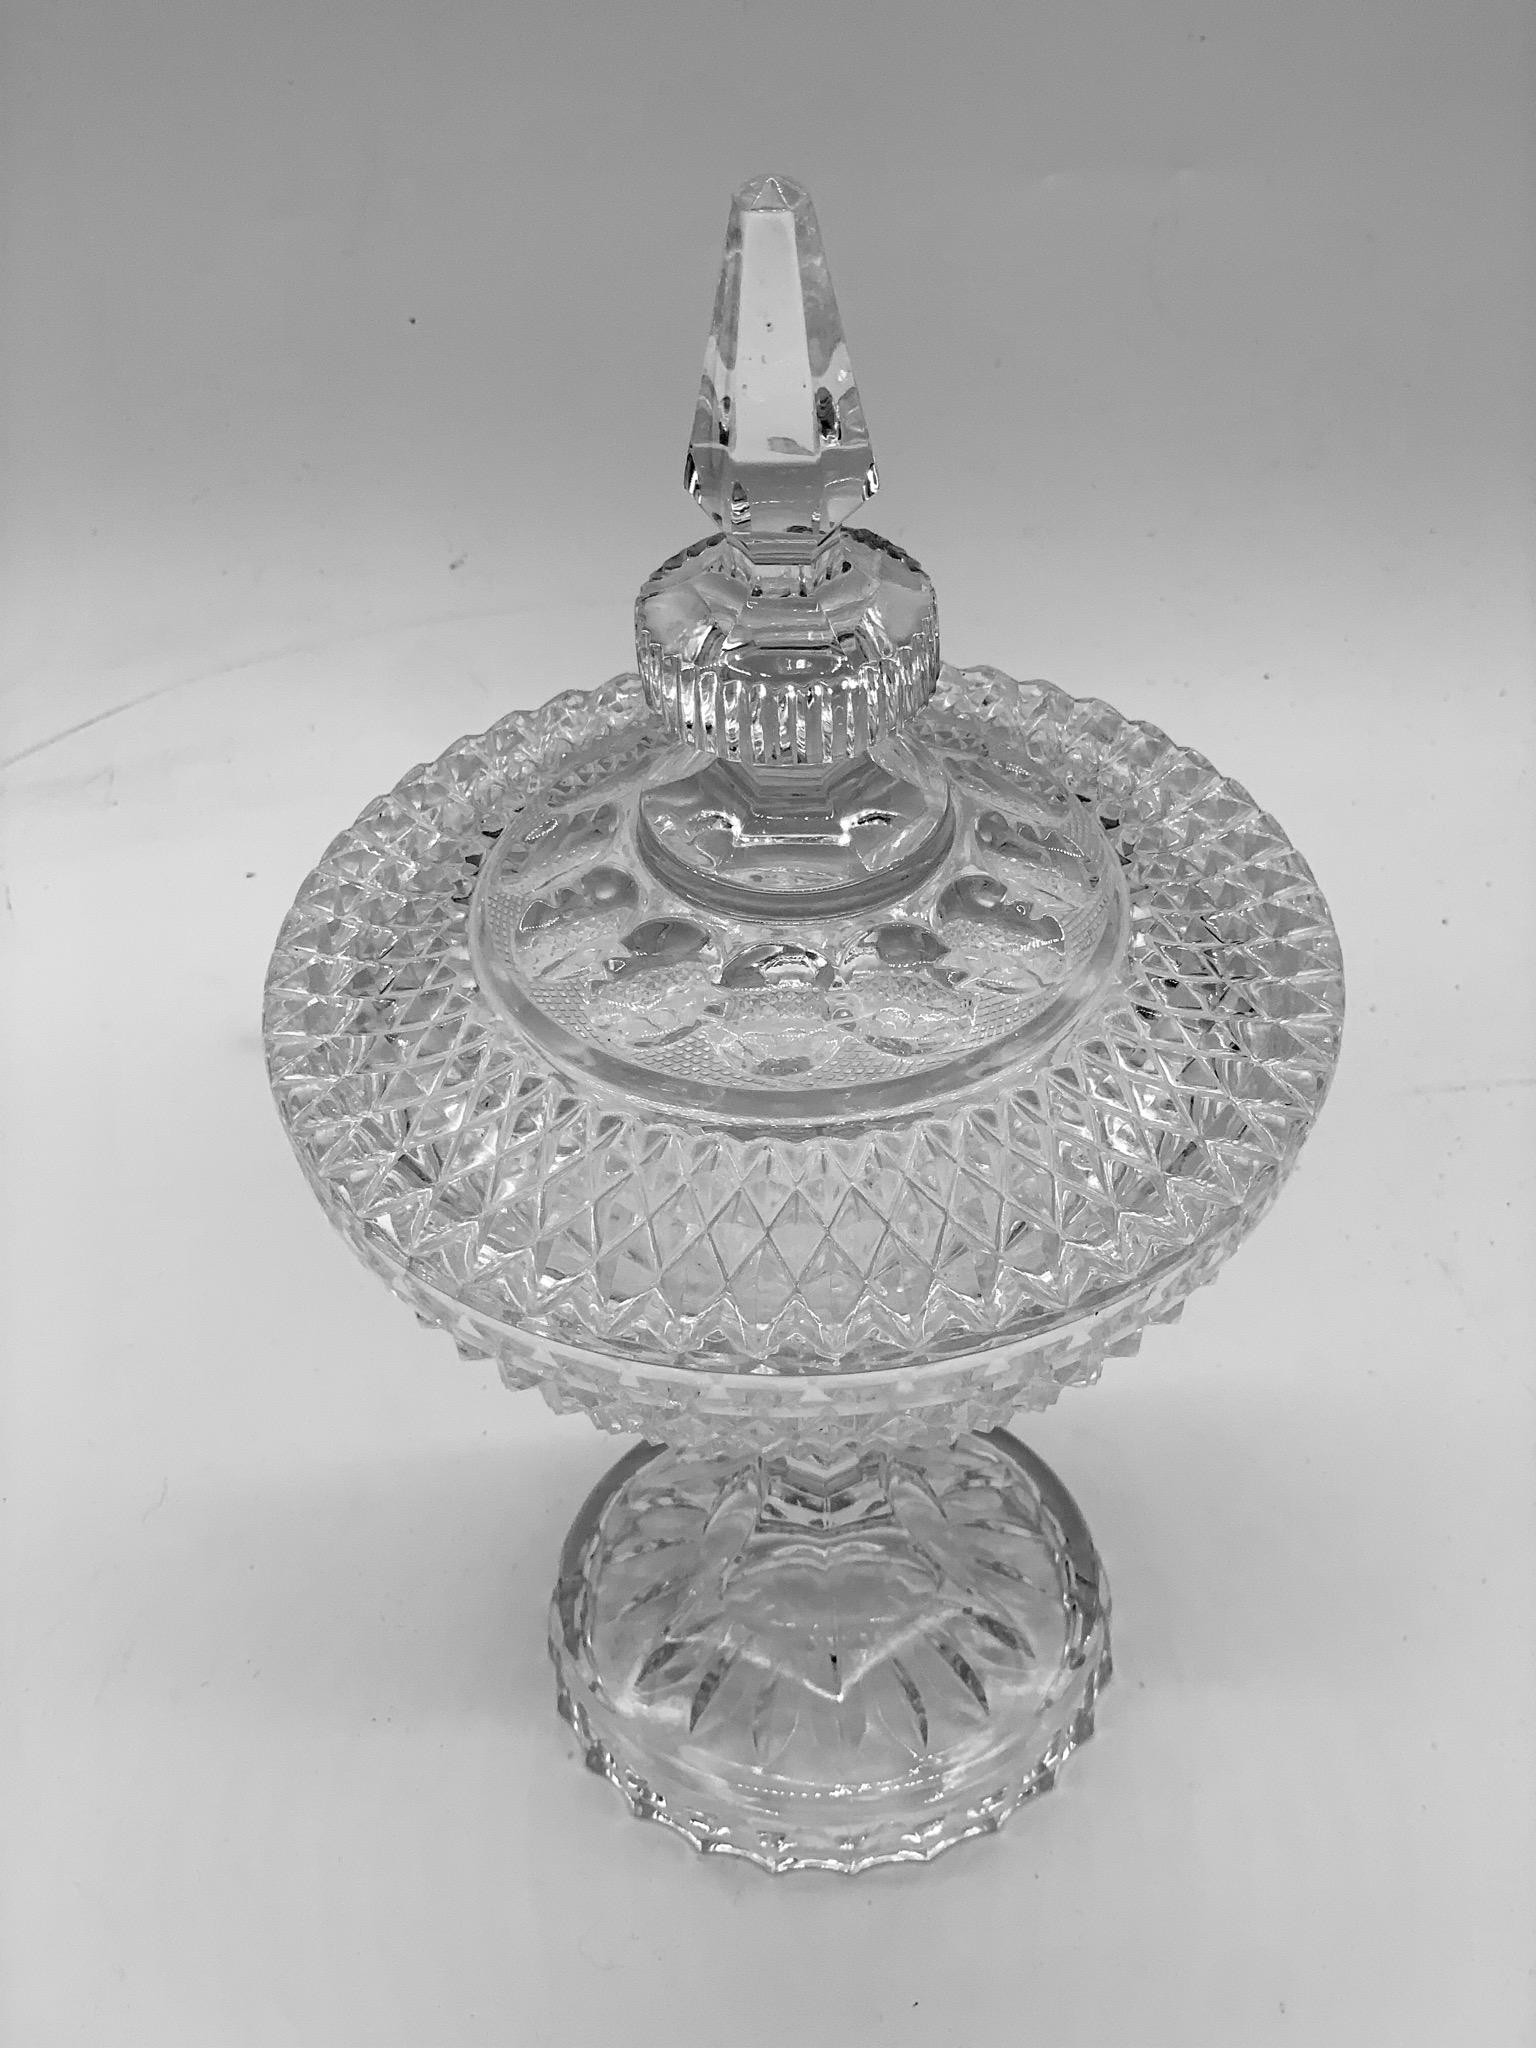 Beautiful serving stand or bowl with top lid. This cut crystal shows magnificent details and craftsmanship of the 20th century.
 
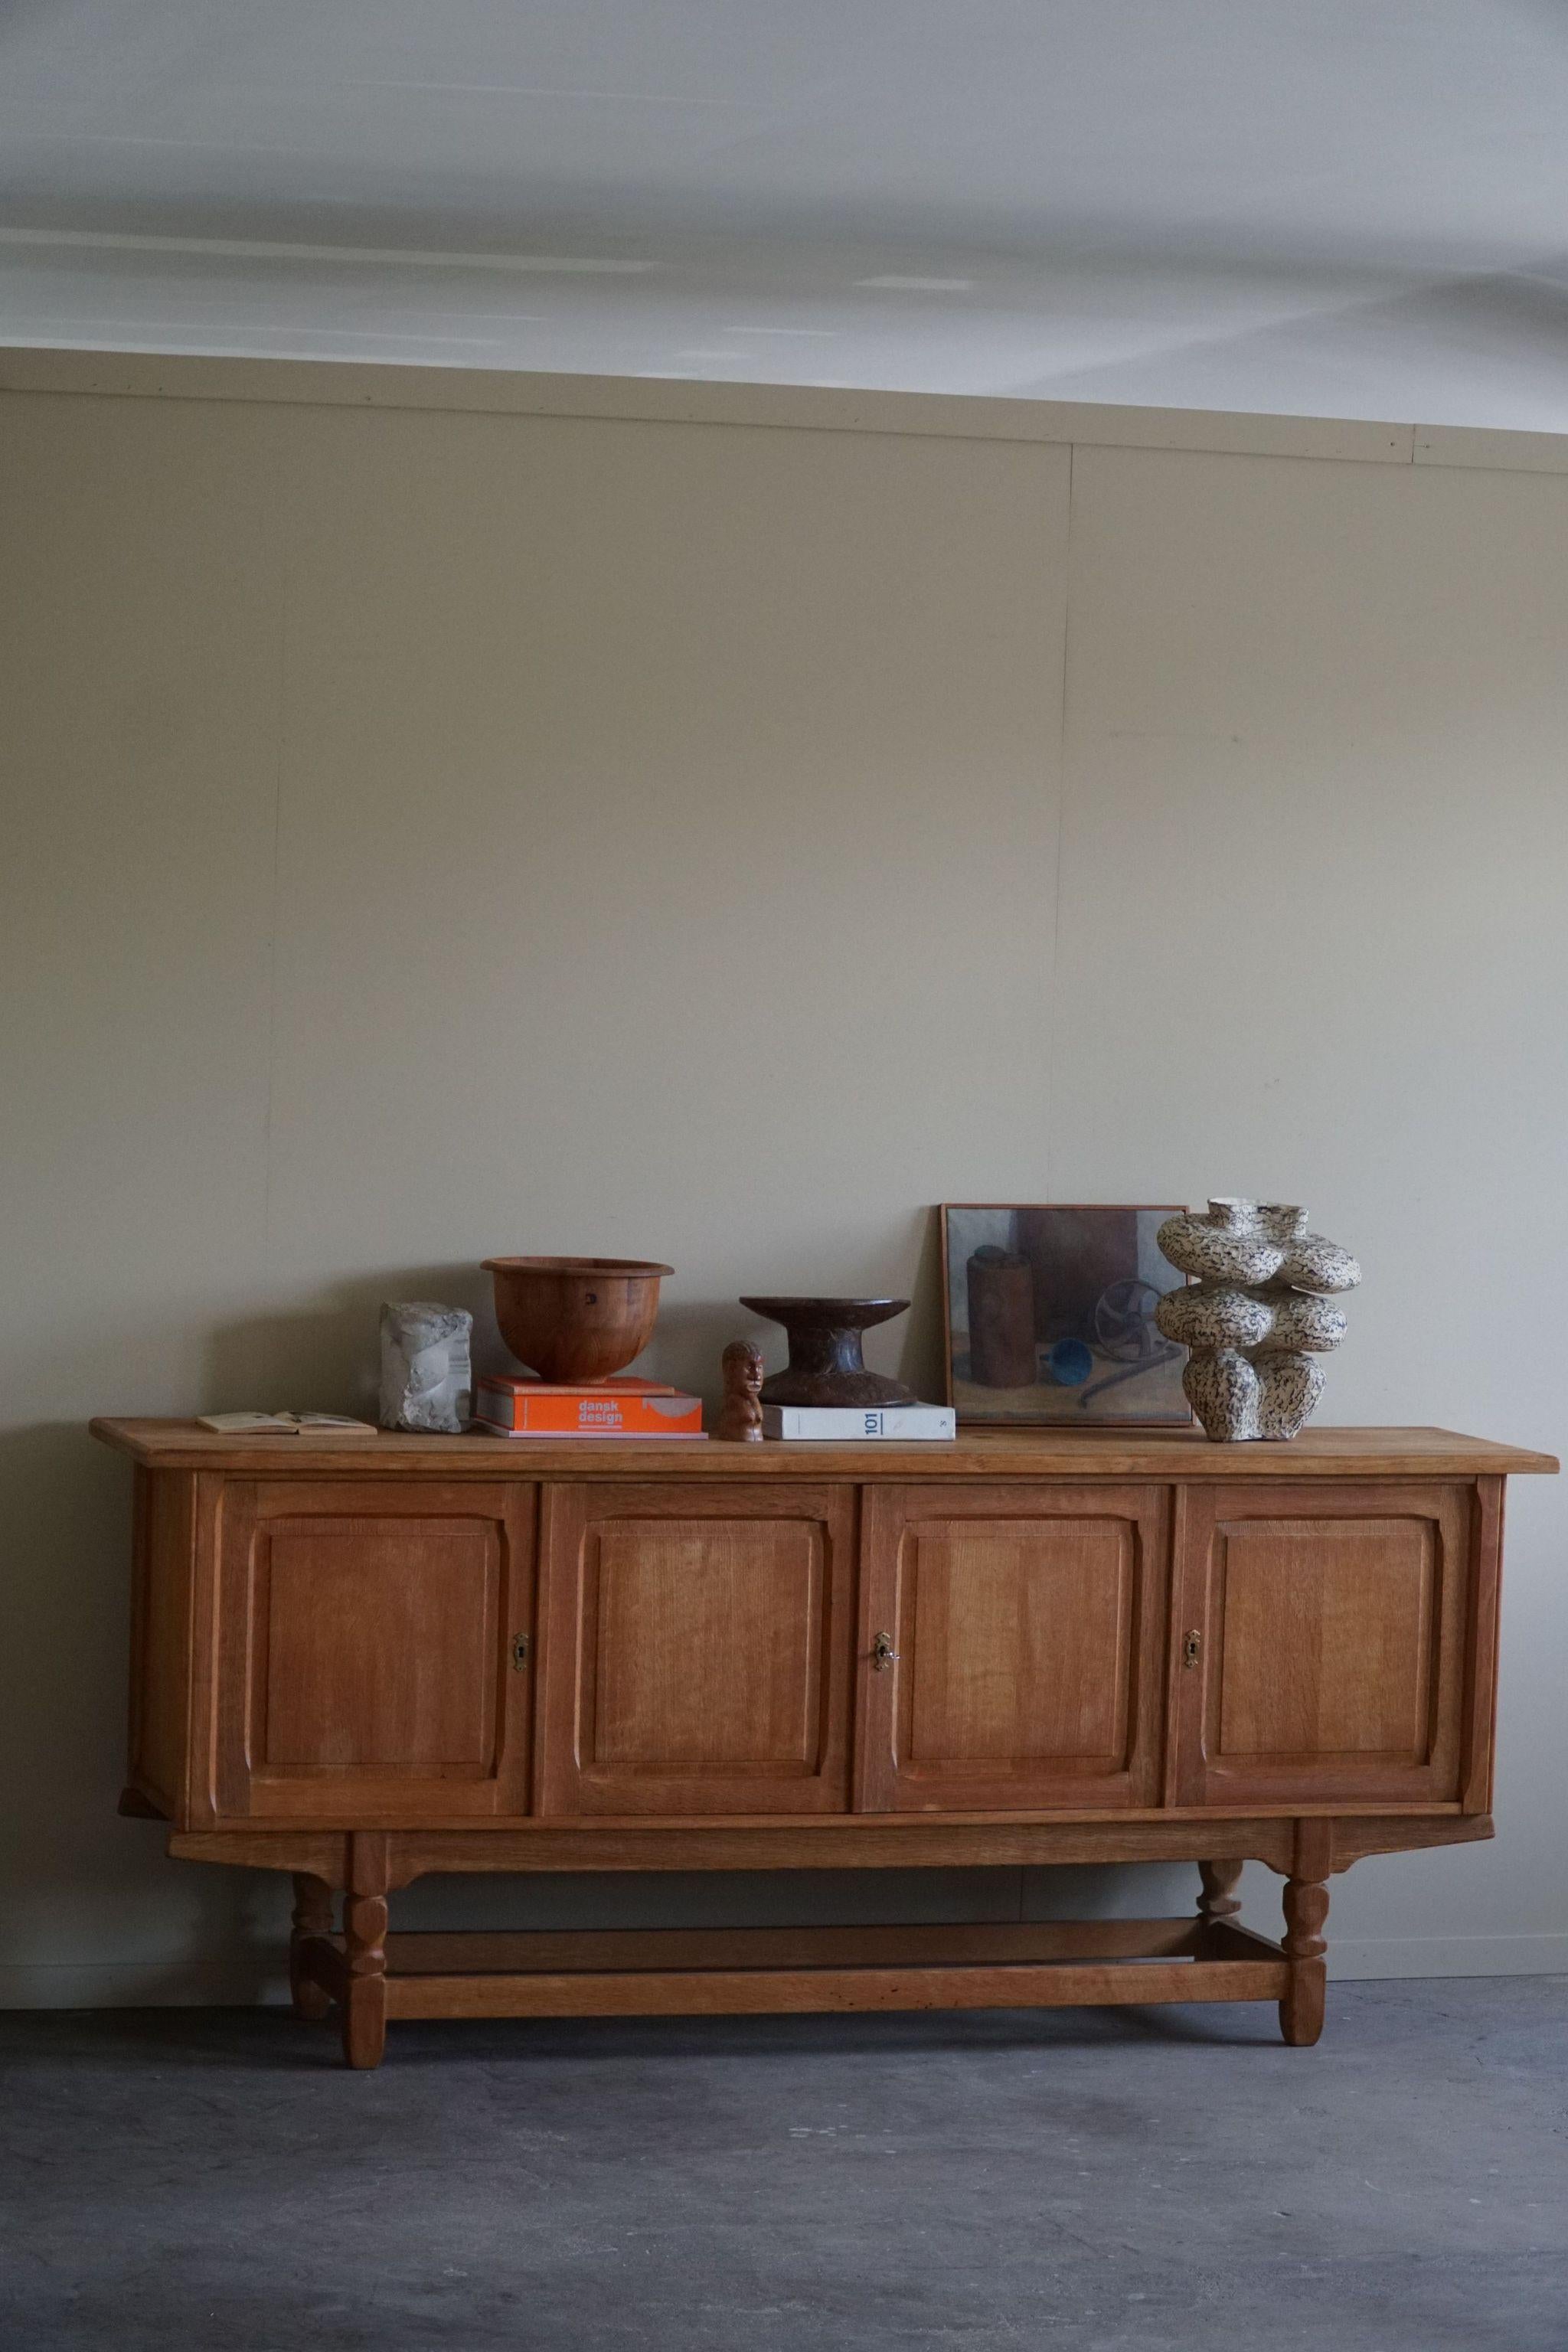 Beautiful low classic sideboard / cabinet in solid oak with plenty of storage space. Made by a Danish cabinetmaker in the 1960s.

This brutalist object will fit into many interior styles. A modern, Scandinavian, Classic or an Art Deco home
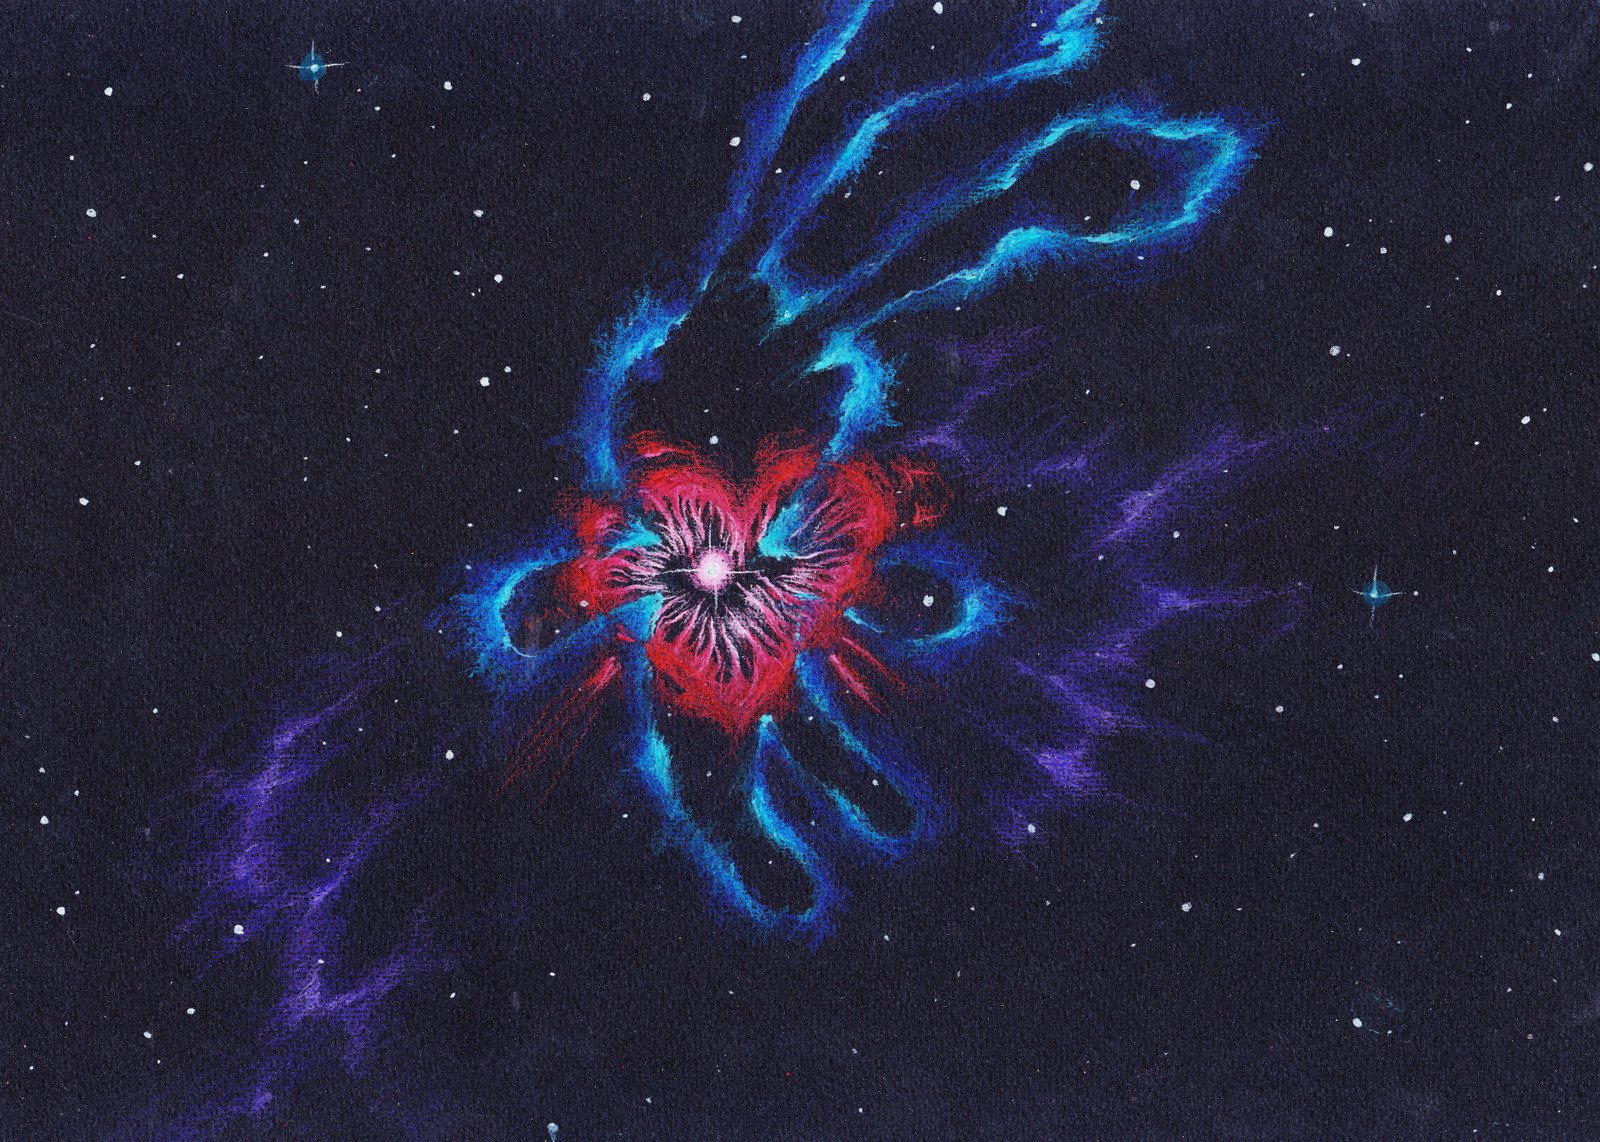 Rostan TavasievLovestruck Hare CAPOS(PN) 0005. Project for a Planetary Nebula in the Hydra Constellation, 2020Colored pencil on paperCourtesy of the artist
▬▬▬▬▬▬▬▬▬▬
*EXERCISE INSTRUCTIONS*. No pictures should appear in the copy. Reproduce exactly the lines from the line containing "Beautiful low classic" through the last line of the data, inclusive.

*PROBLEM SOLUTION*.
 Beautiful low classic sideboard / cabinet in solid oak with plenty of storage space. Made by a Danish cabinetmaker in the 1960s.

This brutalist object will fit into many interior styles. A modern, Scandinavian, Classic or an Art Deco home
 Rostan TavasievLovestruck Hare CAPOS(PN) 0005. Project for a Planetary Nebula in the Hydra Constellation, 2020Colored pencil on paperCourtesy of the artist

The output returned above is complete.